To do this, this patch:

  • removes the __nc_value_type data member of the __value_type union
  • provides access to the pair with pair<key_type&, mapped_type&>, which is used to assign through to the pair
  • changes __value_type.__cc to __value_type.__get_value(), the latter calls std::launder in C++1z mode.

https://reviews.llvm.org/D46845 depends on this patch.

[1]: https://stackoverflow.com/a/31667355

Thanks for taking a look!
Erik

Diff Detail

Repository
rL LLVM

Event Timeline

rsmith added inline comments.May 31 2018, 6:28 PM
libcxx/include/map
617 ↗(On Diff #149358)

This doesn't need to be a union any more; change to class?

633 ↗(On Diff #149358)

Formally this should be return *_VSTD::launder(&this->__cc);, because this must already point to an in-lifetime object or the member function call would have been invalid.

Overall this change seems reasonable to me. Thanks for working on this. Initially I was concerned we would hit issues optimizing const objects,
but I should have read your description first! Thanks for ensuring Clang doesn't optimize on this.

One other concern I have is if there will be any performance impact to using launder all the time, but better safe than sorry.

Other than the inline comments, this LGTM.

libcxx/include/map
633 ↗(On Diff #149358)

return *_VSTD::launder(_VSTD::addressof(this->__cc)); because ADL.

648 ↗(On Diff #149358)

I think __ref can be private.

653 ↗(On Diff #149358)

Add a newline?

708 ↗(On Diff #149358)

_LIBCPP_INLINE_VISIBILITY here and below it.

libcxx/include/unordered_map
586 ↗(On Diff #149358)

union -> class

597 ↗(On Diff #149358)

_LIBCPP_INLINE_VISIBILITY

606 ↗(On Diff #149358)

_LIBCPP_INLINE_VISIBILITY

615 ↗(On Diff #149358)

This can be private.

621 ↗(On Diff #149358)

_LIBCPP_INLINE_VISIBILITY

677 ↗(On Diff #149358)

_LIBCPP_INLINE_VISIBILITY

I should have asked, have we actually seen a midcompile caused by this? Is there a reproducer? Or is this purerly speculative?

erik.pilkington marked 10 inline comments as done.

Address review comments. Thanks!

I should have asked, have we actually seen a midcompile caused by this? Is there a reproducer? Or is this purerly speculative?

Nope, pure speculation.
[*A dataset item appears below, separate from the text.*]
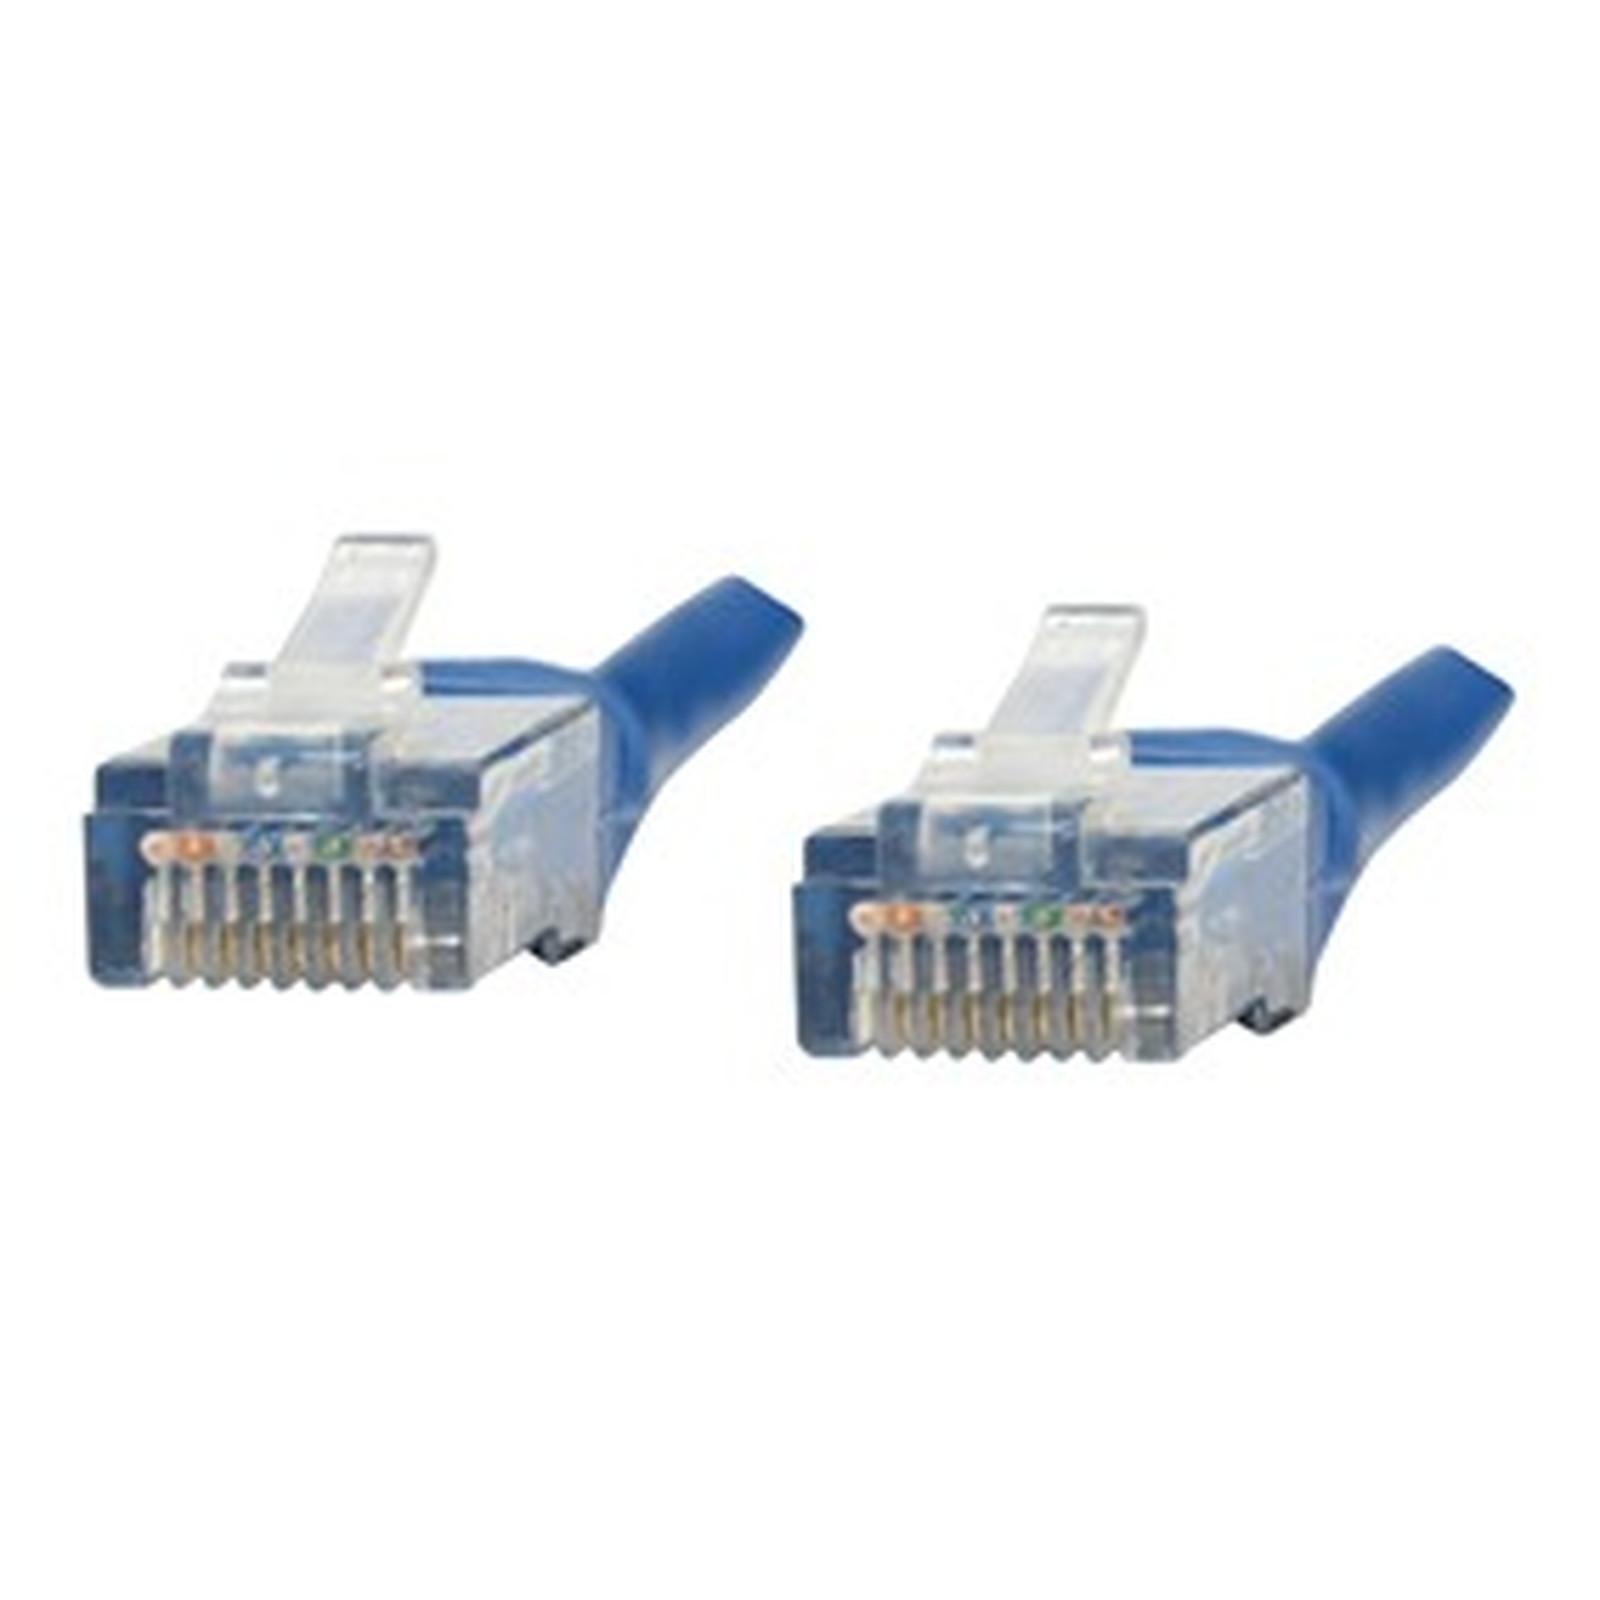 Cable RJ45 de categoría 5e U/UTP 10 m (azul)

I still think we should still fix this though.

libcxx/include/map
648 ↗(On Diff #149358)

That's true for this patch, but I'm planning on using __ref in __node_handle to implement key() and mapped() so we don't have to duplicate the const cast.

rsmith added a comment.Jun 1 2018, 3:36 PM

One other concern I have is if there will be any performance impact to using launder all the time, but better safe than sorry.

In the short-to-medium term, I think we can tackle this by adding an attribute:

// ...
struct pair {
  T first;
  [[clang::not_actually_const]] U second;
};

... to directly express that the second field of a non-const pair is never a const subobject, even if U is a const-qualified type. I think we'll need this once we head down the path of constexpr containers, otherwise node_handles are not going to work in constant expression evaluation.

Then we can remove the launder calls for implementations that support the attribute.

This revision was not accepted when it landed; it landed in state Needs Review.Jun 4 2018, 1:42 PM
This revision was automatically updated to reflect the committed changes.